Privacy
Policy

May 1, 2022

This privacy policy (the “Privacy Policy“) outlines important information regarding the collection, use, disclosure and other processing by Cybin Inc. and its subsidiaries (each and together, the “Company“, “us“, “we” or “our“) of the information of customers, potential customers and website users (“you” or “your“) collected via this website including any subsite or microsite (the “Website“) or any other website, application or email published/sent by us or any of our subsidiaries, affiliates or business partners or collected otherwise including through purchase of customer lists from third parties. We are providing you with this Privacy Policy to help you make an informed decision as to whether to use or continue using the Website. By using the Website, you consent to the processing of your information as set forth in this Privacy Policy to the extent permitted by applicable laws.

This Privacy Policy also contains certain information required by privacy laws in the U.S. and Canada, and the European Union (“EU”) Regulation No. 2016/679 of April 27, 2016, known as the General Data Protection Regulation (“GDPR”), and mirroring legislation (with the GDPR, the “European Data Privacy Laws”) of the other countries (Norway, Iceland and Liechtenstein) forming with the EU Member States the European Economic Area (the “EEA”), which apply when we process personal data about individuals located in the EEA in relation to (i) the offering of goods and services to these individuals or (ii) the monitoring of their behavior in the EU or EEA.

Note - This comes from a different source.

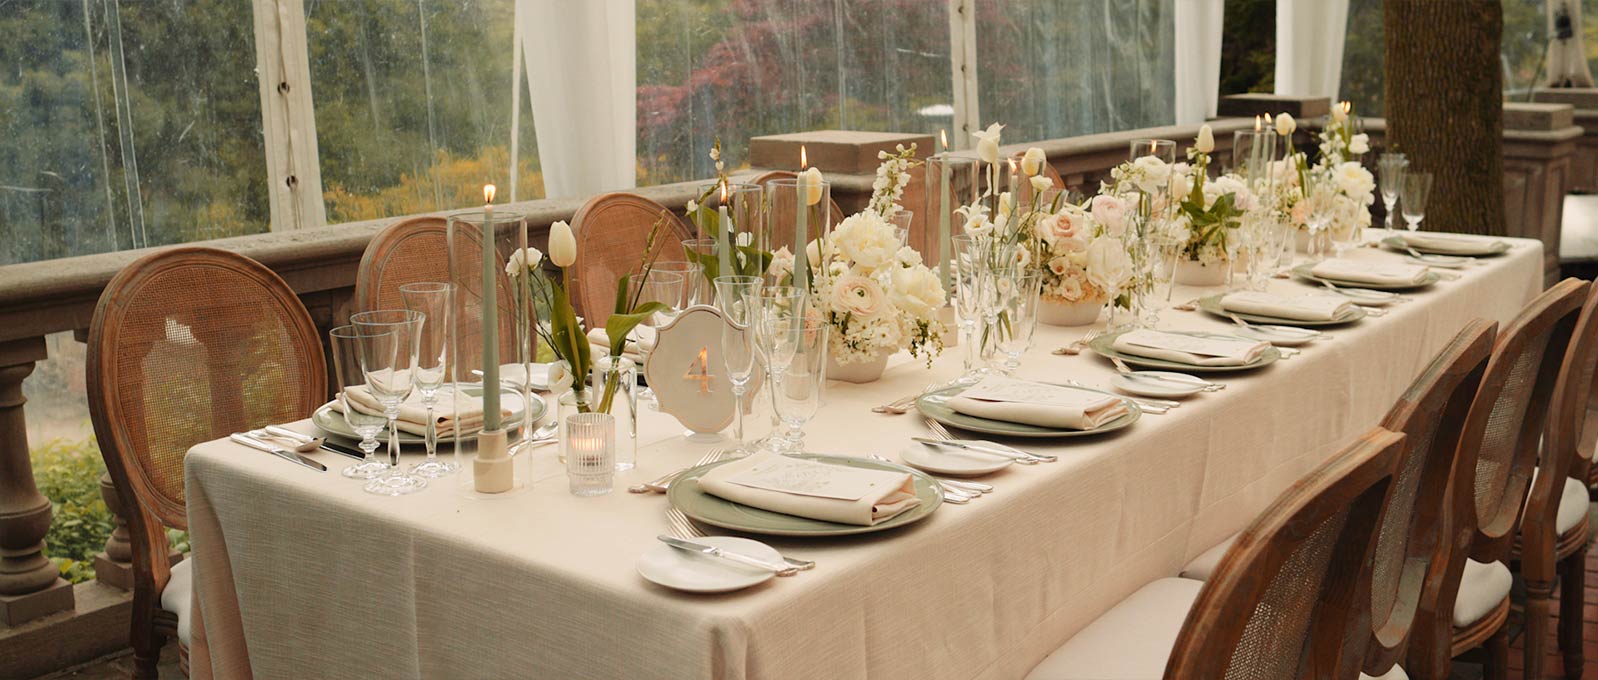 Graydon Hall Manor Outdoor Wedding Reception Details

PLEASE NOTE: OUR PRIVACY POLICY CHANGES FROM TIME TO TIME AND CHANGES ARE EFFECTIVE UPON POSTING. We may change or supplement this Privacy Policy; we may also undergo a change of ownership. Changes to the Privacy Policy will apply to the information collected from the date we post the revised Privacy Policy on our Website, as well as to existing information held by us. If we decide to materially change our personal information handling policies or practices in a material way, and if we seek to collect, use or disclose personal information for purposes other than those for which consent has been obtained, we will obtain the necessary consents that might be required by law. You may contact us at privacy@cybin.com with respect to any questions you may have with respect to this Privacy Policy. Your continued use of the Website, or your continued interaction with us (in correspondence and the like) after we have posted an updated Privacy Policy on our Website will be deemed an acceptance of these new terms.

 

By reference, this Privacy Policy is incorporated into and is subject to the terms and policies on the Website. Your use of the Website and any personal information you provide via the Website or through other official contact with us remains subject to this Privacy Policy, as well as the terms and/or other stated policies via the Website.

1. Collection of Information and categories of personal data concerned.

1.1 Survey Information. We may collect information from you and other individuals by various methods, including, but not limited to, when you voluntarily complete our survey, order form, or a registration page either online or offline, or by means of online or offline surveys, order forms, or registration pages operated by us or an appointed third-party acting on our behalf (collectively, “Survey”). As used herein, “online” means using the Internet, including the Website, and related technologies, and “offline” means by methods other than online, including in person, in the postal mail, using telephones and cell phones, and other similar means.) In the Surveys, the Company or a third party (a “Third Party“) may ask an individual to provide various information to us, which may include your name, email address, street address, zip code/postal code, telephone numbers, SMS messaging details, birth date, gender, salary range, education and marital status, occupation, social security number, employment information, personal and online interests, and such other information as may be requested from time to time (together, “Survey Information“). We may also collect information concerning you from another source and use that information in combination with information provided from this Website. Completing the Survey(s) is completely voluntary, and individuals are under no obligation to provide Survey Information to us or a Third Party. An individual may receive compensation or incentives from us or a Third Party in exchange for providing Survey Information to us.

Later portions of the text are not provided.